Déclarer des zones inhabitables face aux crues? Christophe Béchu juge que "le sujet ne doit pas être tabou"

Face au second épisode de crue exceptionnelle qui touche le Pas-de-Calais en moins de deux mois, le gouvernement veut afficher son volontarisme. Christophe Béchu et Olivier Véran se sont rendus ce jeudi aux côtés des sinistrés, des élus et des pompiers.
La question de travaux de prévention est certes bien à l'ordre du jour en 2024 mais le ministre de la Transition écologique évoque une autre solution: celle de raser entièrement des quartiers qui pourraient désormais être sous les eaux tous les ans avec l'accélération du réchauffement climatique.
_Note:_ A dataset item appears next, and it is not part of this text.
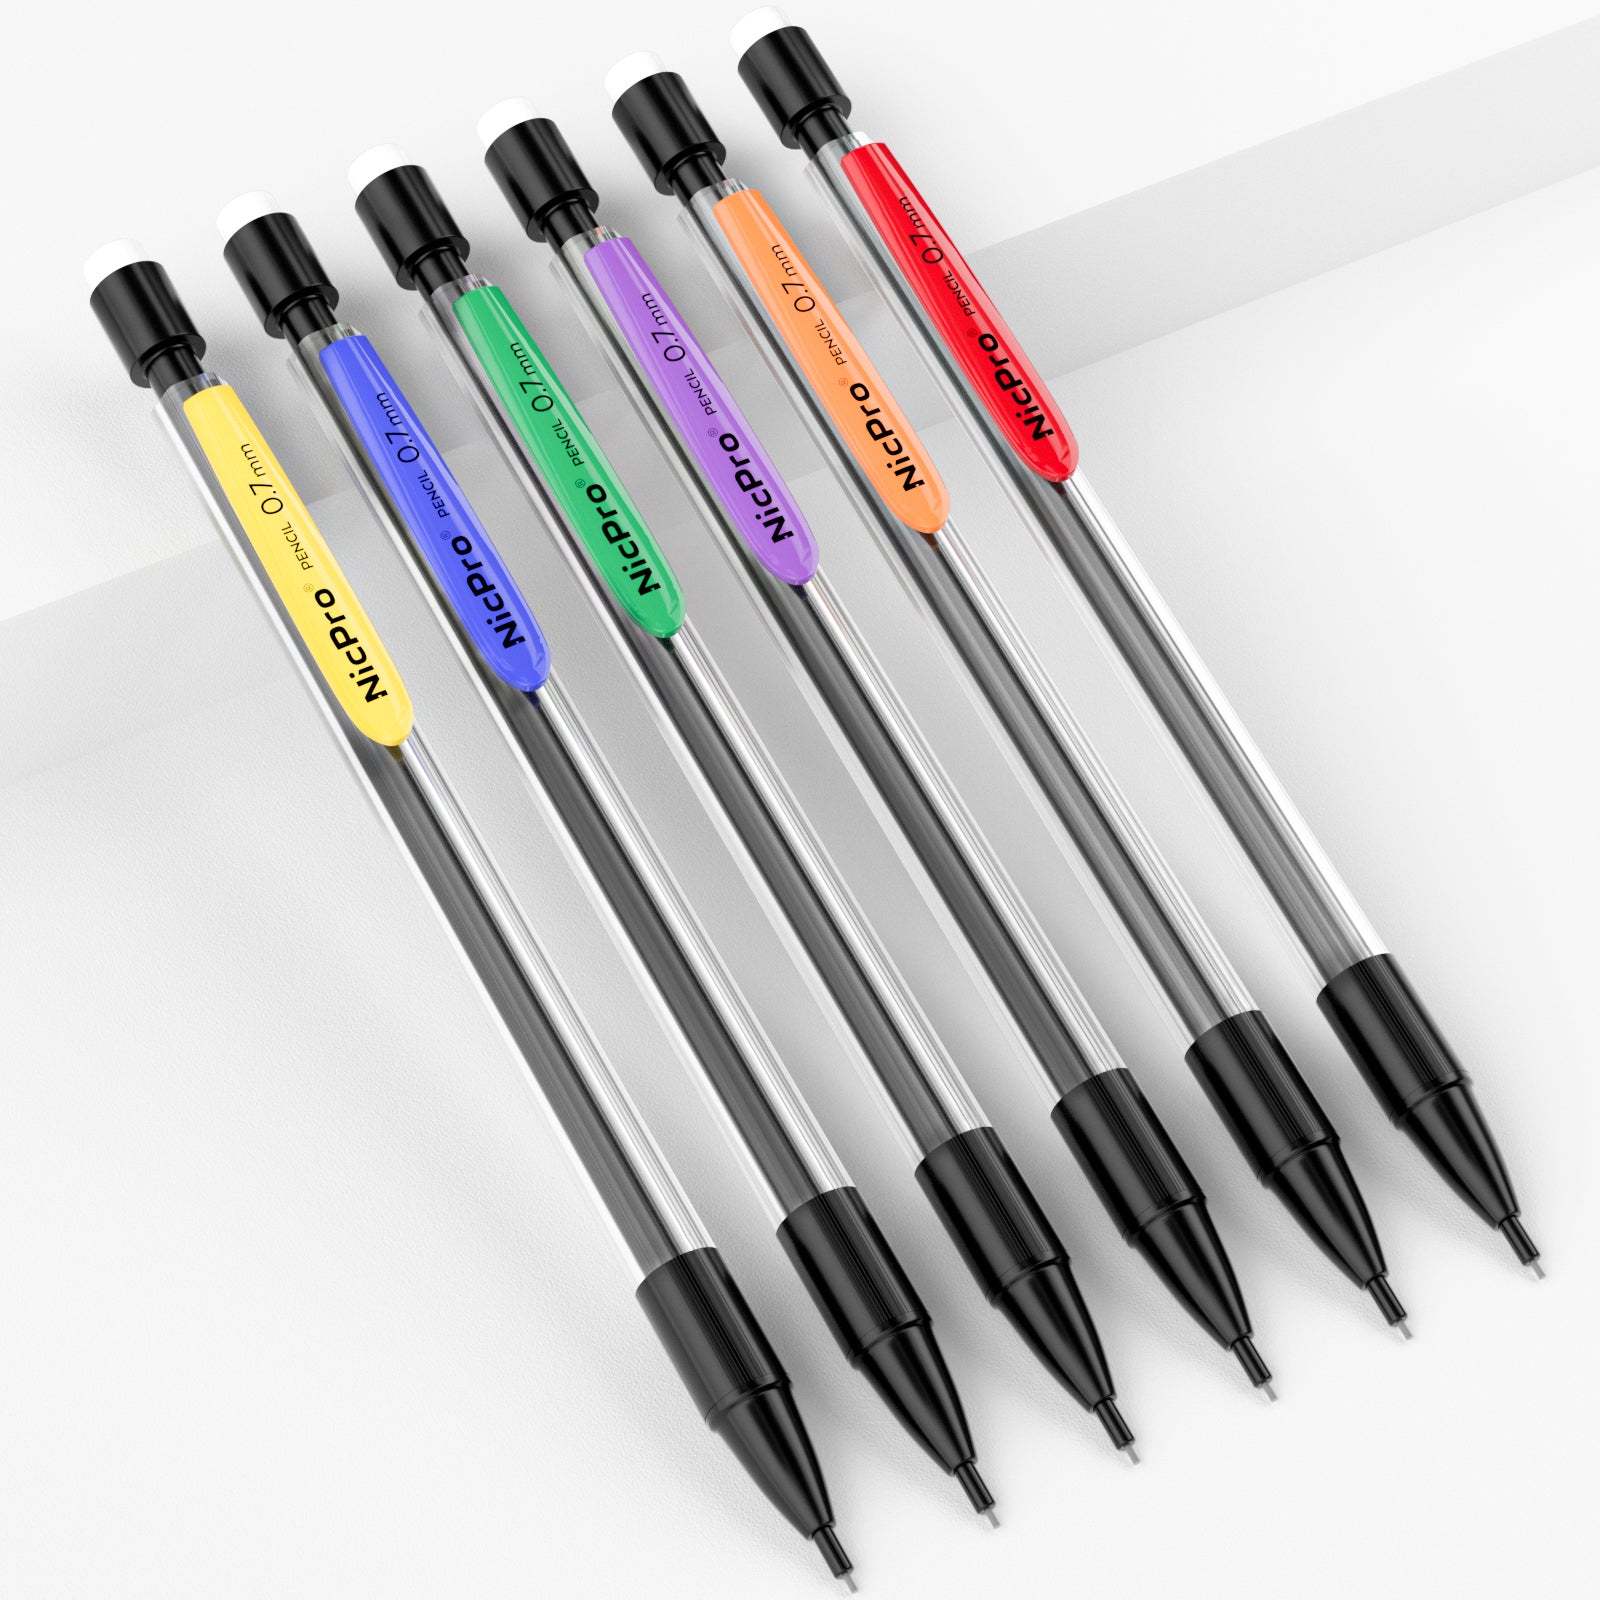 Nicpro 6 PCS 0.7 mm Mechanical Pencil Set, Color Pencil Clips Design D

"On ne va pas pouvoir partout se dire que c'est en rehaussant chaque année les digues de quelques centimètres qu'on va pouvoir faire face à des épisodes climatiques. Donc il faut regarder la réalité en face", juge Christophe Béchu ce jeudi au micro de BFMTV.
"Racheter des biens" et faire en sorte qu'il n'y ait "plus d'habitation"
D'après la préfecture du Pas-de-Calais, la montée des eaux a conduit les sapeurs-pompiers à intervenir à 438 reprises depuis le début des intempéries mardi, pour 371 évacuations.
Ce sont au total 189 communes et 1.299 habitations qui sont touchées par les inondations, mettant souvent les habitants dans une grande situation de désarroi et de lassitude.
"On peut aller jusqu'à considérer qu'il y a des endroits où il faut racheter des biens, utiliser les dispositifs qui existent pour faire sorte qu'il n'y ait plus d'habitation. Ça s'est fait ailleurs en France", avance encore le ministre de la Transition écologique.
Après la tempête Xynthia, des maisons rachetés au prix du marché par l'État
Cette option a déjà été choisie. La ville de Mandelieu (Alpes-Maritimes), régulièrement victime des inondations, a acheté cinq villas pour mieux les détruire. "L'idée est de bâtir une nouvelle ville, résiliente et d'être sereins face aux défis de ce siècle", expliquait en décembre le maire Sébastien Leroy (LR).
Un accord de vente "à l'amiable" a été signé avec les riverains en employant les moyens financiers du "fonds Barnier" dédié aux risques naturels majeurs. Il permet aux collectivités de racheter "les bâtiments les plus à risque", comme l'explique le ministère de la Transition écologique. Une bonne solution pour les propriétaires dont la valeur des biens est mécaniquement réduite par les circonstances.
Même topo après la tempête Xynthia en Vendée en 2009. Près de 1.000 habitations situées dans les zones qui avaient de très fortes chances de se retrouver à nouveau inondés ont été rachetées par l'État au prix du marché avant la tempête.
Il faut dire que les propriétaires n'avaient guère le choix: si un accord à l'amiable n'avait pas été trouvé avec les propriétaires des biens, l'État avait prévu de lancer des procédures d'expropriation.
"Des maisons pas construites au bon endroit"
"Il faut accepter que ces maisons n'ont pas été construites au bon endroit, accepter qu'il y a eu des choix politiques en accordant des permis de construire à des endroits où c'était potentiellement dangereux", appuie Ludovic Pinganaud, membre de l'Institut européen des sciences avancées de la sécurité auprès de BFMTV.com.
Le gouvernement pourrait également s'inspirer des Pays-Bas. Le territoire, confronté depuis sa création à sa situation géographique sous le niveau de la mer, a décidé ces dernières années d'éloigner les infrastructures des zones inondables à l'aide de normes de construction plus strictes.
L'objectif du projet enclenché en 2007 est d'anticiper les hauteurs futures des cours d'eau et d'anticiper en creusant, par exemple, des canaux plus profonds.